I was reading a book on C today, and it mentioned that the following was true; I was so curious as to why that I made this program to verify; and then ultimately post it here so someone smarter than me can teach me why these two cases are different at runtime.
The specifics of the question related to the difference at runtime between how a (char *) is handled based on whether it is pointing to a string created as a literal vs. created with malloc and manual population.
why is the memory allocated by the memory more protected like this? Also, does the answer explain the meaning of "bus error"?
Here is a program I wrote which asks the user if they would like to crash or not, to illustrate that the program compiles fine; and to highlight that in my head the code in both options is conceptually identical; but that's why I'm here, to understand why they are not.
// demonstrate the difference between initializing a (char *)

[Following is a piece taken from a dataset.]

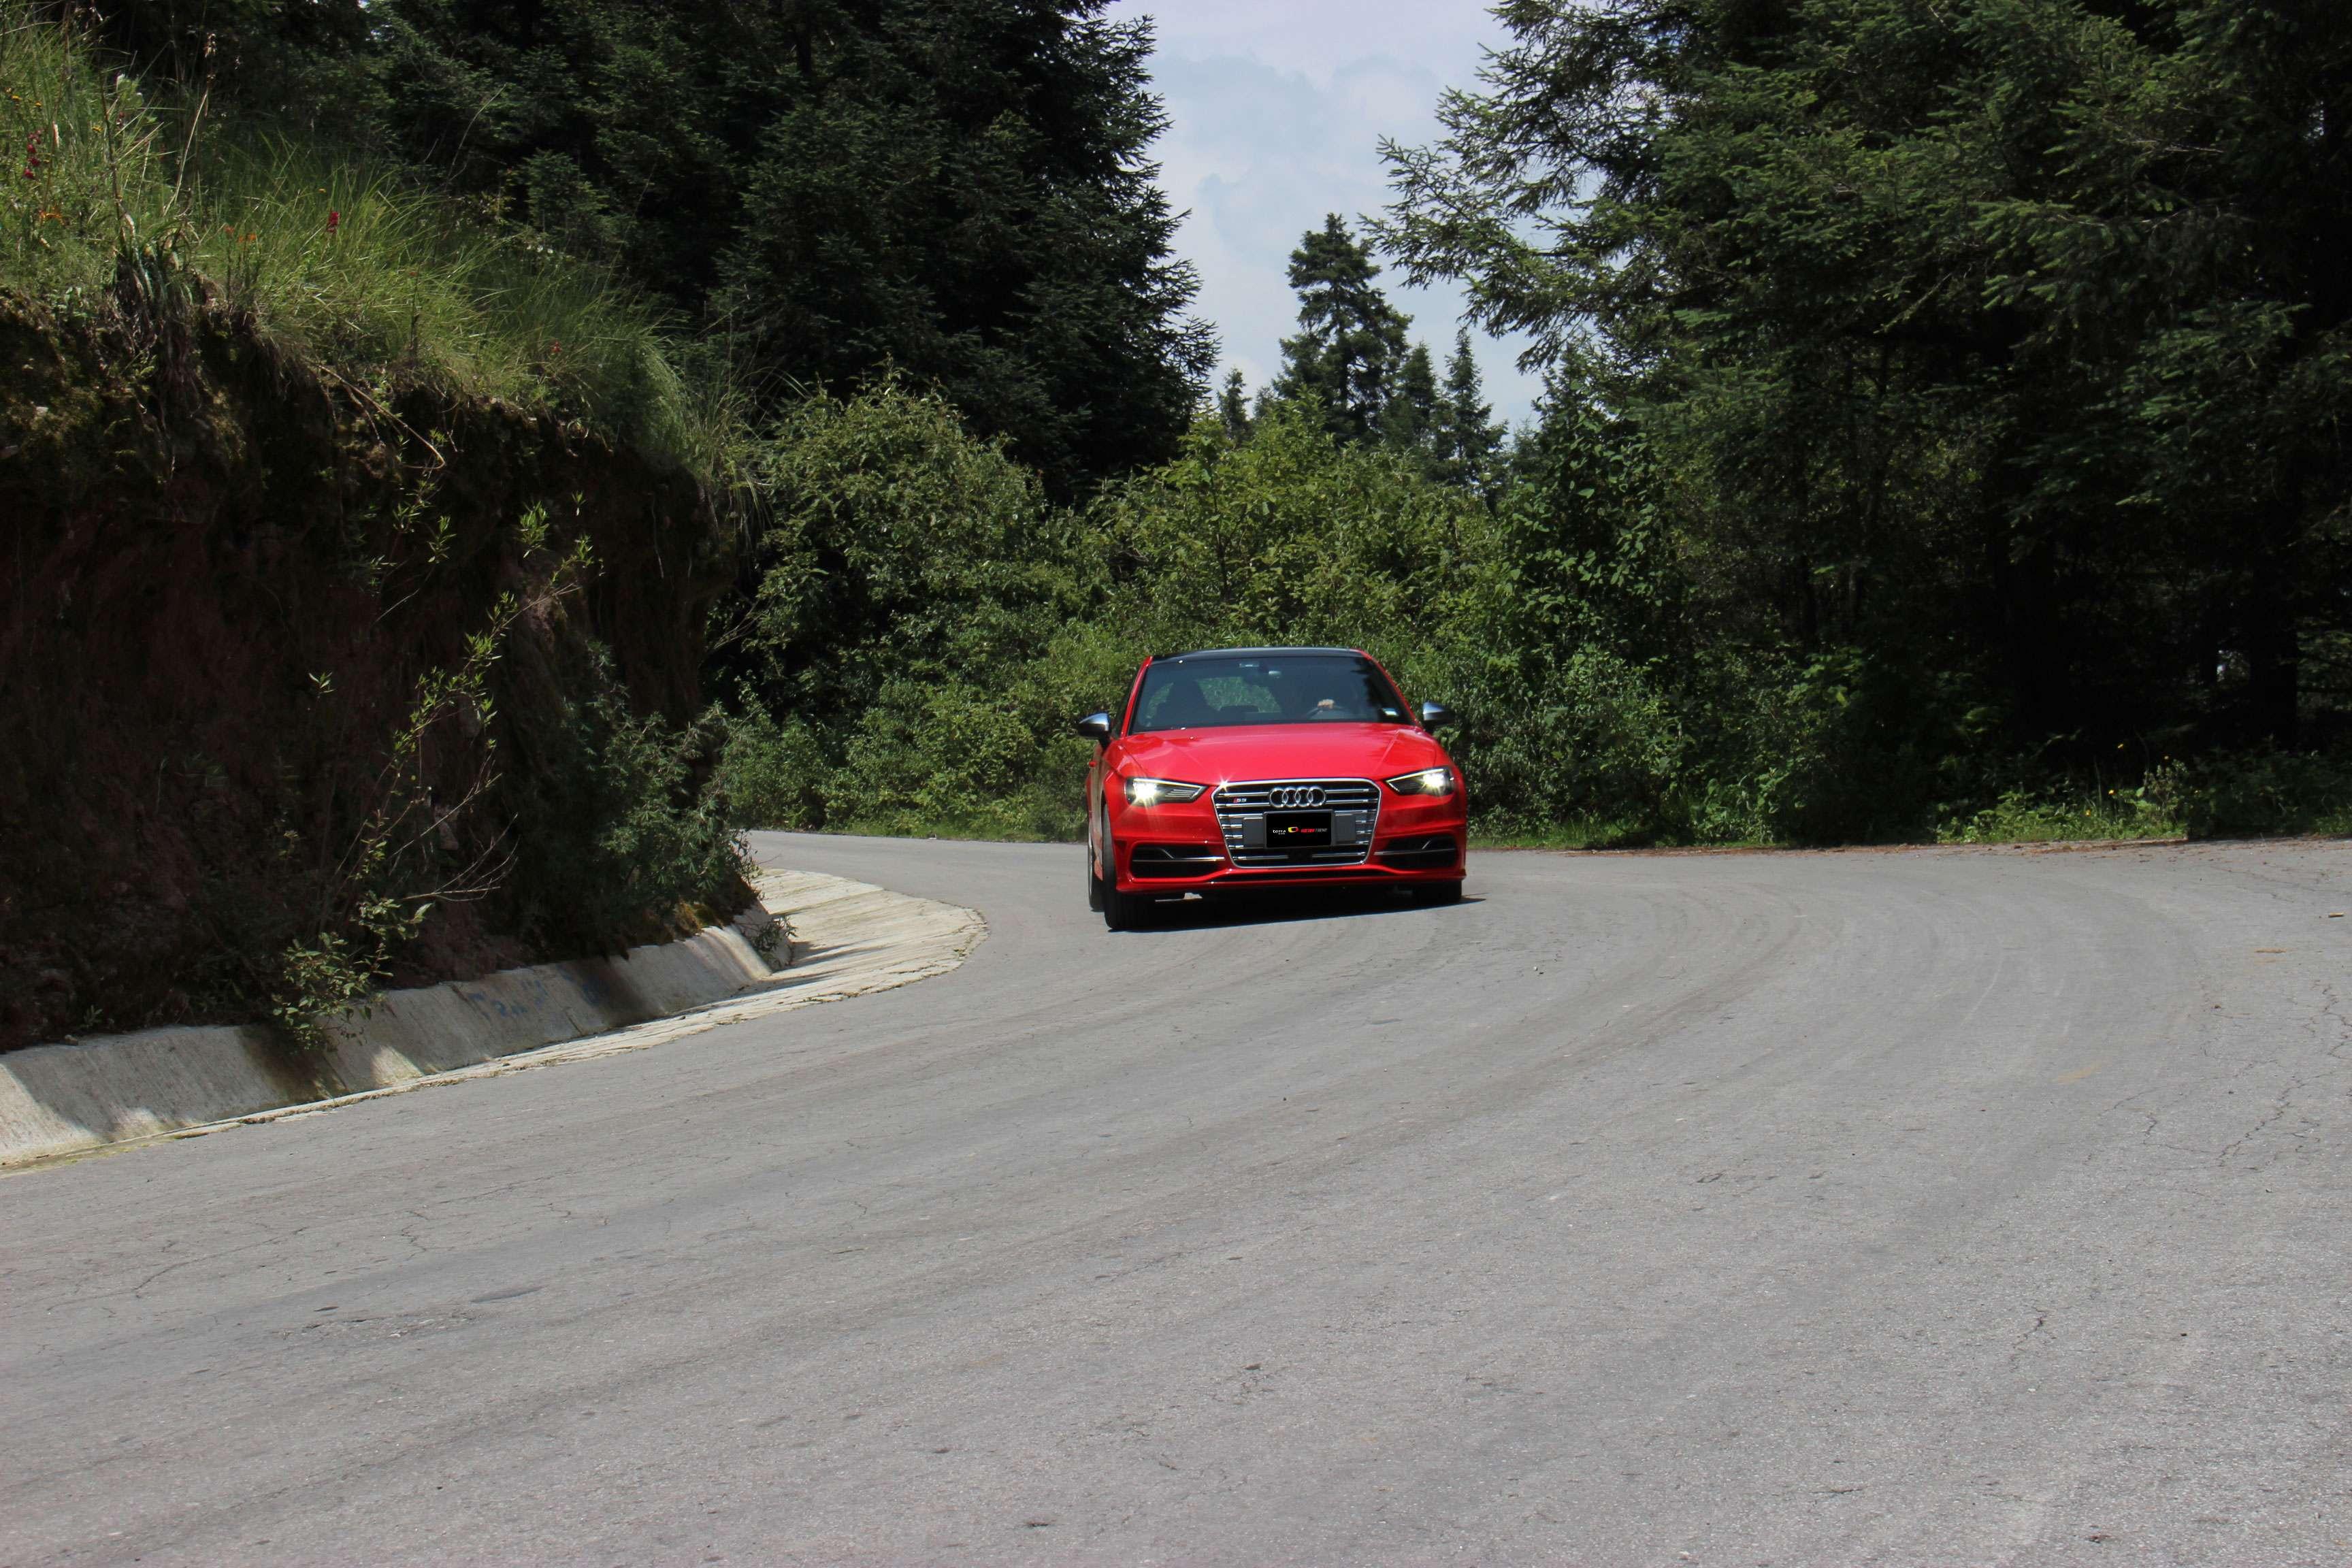 El Audi S3 2015 hatchback cuenta con 285 caballos de fuerza, que a pesar de ser mucho, se sienten mucho mejor frente al volante. Foto: Terra

// with a literal, vs malloc
// and the mutability of the contents thereafter
#include <stdio.h>
#include <stdlib.h>
#include <stdbool.h>
int main() {
char cause_crash;
char *myString;
printf("Cause crash? ");
scanf("%c", &cause_crash);
if(cause_crash == 'y') {
myString = "ab";
printf("%s\n", myString); // ab
*myString = 'x'; // CRASH!
printf("%s\n", myString);
} else {
myString = malloc(3 * sizeof(char));
myString[0] = 'a';
myString[1] = 'b';
myString[2] = '\0';
printf("%s\n", myString); // ab
*myString = 'x';
printf("%s\n", myString); // xb
}
return 0;
}
edit: conclusions
There are several good answers below, but I want to summarize what I have come to understand succinctly here.
The basic answer seems to be this:
When a compiler sees a "string literal" being assigned to a (char *) variable, the pointer will point to memory which is static (perhaps actually part of the binary, but usually enforced as read only by a lower-level system than your runtime. In other words, the memory is probably not dynamically allocated at that part of the program, but instead the pointer is simply set to point to an area of static memory which houses the contents of your literal.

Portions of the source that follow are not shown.